The study showed that women who own forests to a lesser degree than men used measures to reduce damage to the forest. Several of the differences in ownership characteristics that previous studies showed could also be confirmed in this study. For example, more forest-owning women had university education and lived in urban areas compared to men. In addition, forest-owning men lived more frequently on their forests, had owned the forest for a longer period of time and were more economic dependent on their forest compared to the women. Forest-owning women also stressed the importance of using the forest for the environment and recreation to a greater extent than men. However, there were no differences in how important the owners thought that forest production was.

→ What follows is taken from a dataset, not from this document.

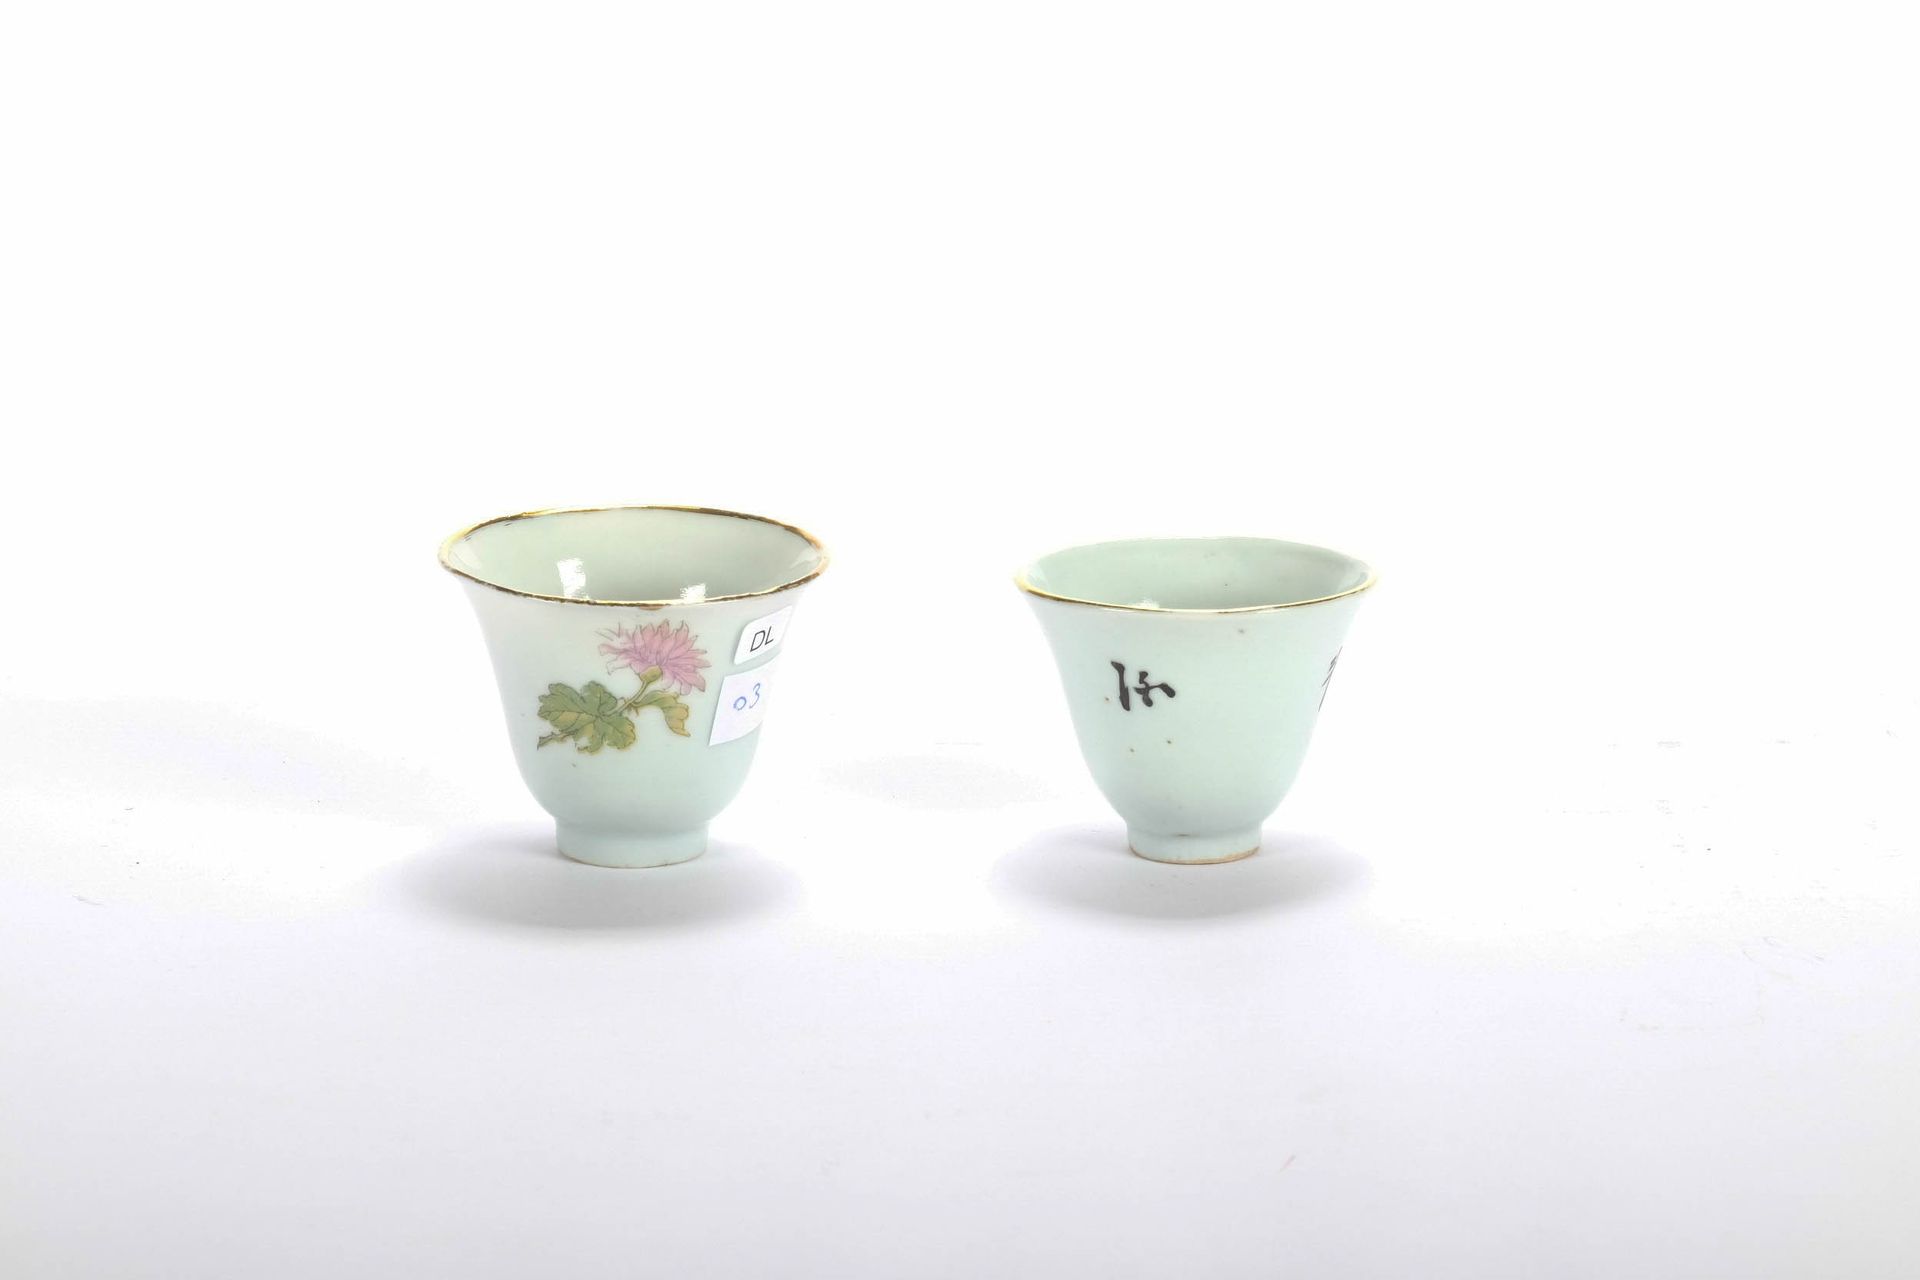 CHINE (CHINA, 中国) Lot de 2 pochons en porcelaine. Fin XIX début XX, H 5 cm.

In addition, there were some differences in perceptions of risks and damage in the forest and the ability to handle them. For example, forest-owning women felt that climate change is a more serious threat to their forest than men did. However, forest-owning men perceived more that there are measures that can be used to cope with climate change. No differences were found with regard to risk management in the environment, for example, experienced social support for risk management. The questions about forest participation showed the greatest differences between men and women. Forest-owning men showed greater interest in forest issues and were more involved in both practical forestry and forestry planning compared to women.

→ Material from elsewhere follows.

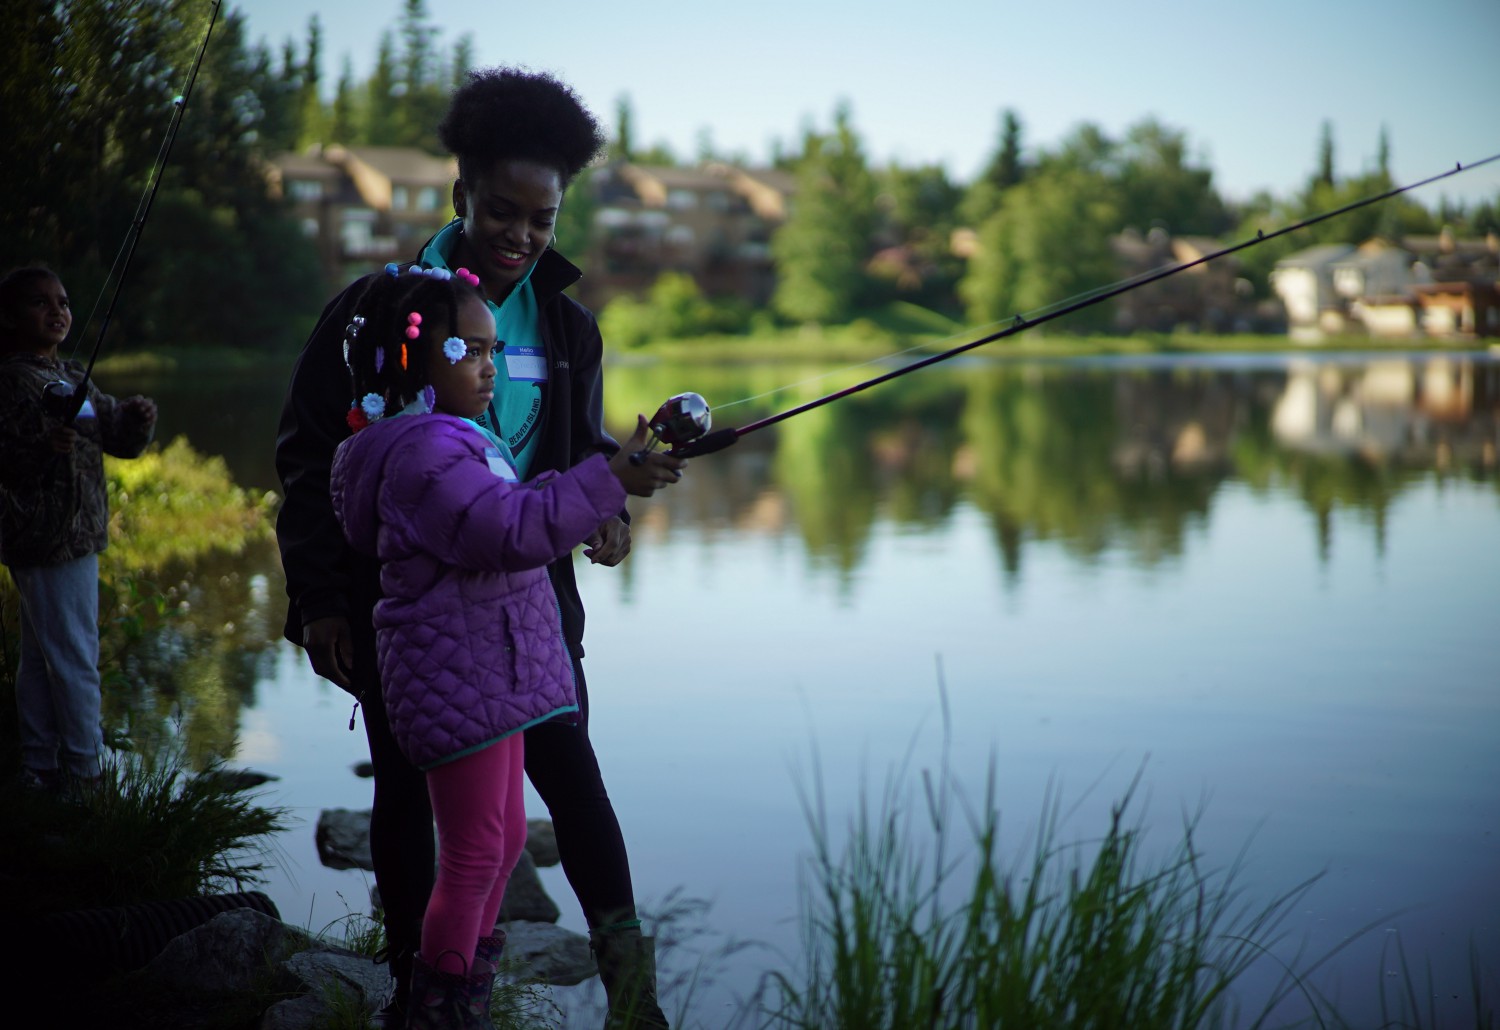 Kids fishing at a lake

Although ownership characteristics, as well as internal driving forces and risk management, were important in explaining to what extent the owners used damage preventing measures, they were not critical to explaining the difference in forestry between forest-owning men and women. In order to understand this difference, the degree of participation was crucial, especially in terms of interest in forest issues and forest planning, but not participation in practical forest work.

 

Measures for increased participation

The study shows how ownership characteristics, together with the owners’ internal driving forces, but above all participation in forest issues and activities, help explain why there are differences in forest management between forest-owning women and men. It is possible that male dominance in the forest sector can explicitly exclude forest-owning women. But it may also be about more subtle processes such as forestry women not being actively invited to the forestry communities, that they do not feel accepted and have difficulty getting more influential roles in these networks. These processes help to segment traditional gender patterns. In cases where forest management differences may be due to male dominance in the forest sector, knowledge from this study can stimulate actions that enable a change in participation so that diversity in forest management follows from differences in ownership and forest management, not traditional gender patterns.

 

Facts

Louise Eriksson (2018) “Explaining gender differences in private forest risk management”, Scandinavian Journal of Forest Research, 33(7), 716-723.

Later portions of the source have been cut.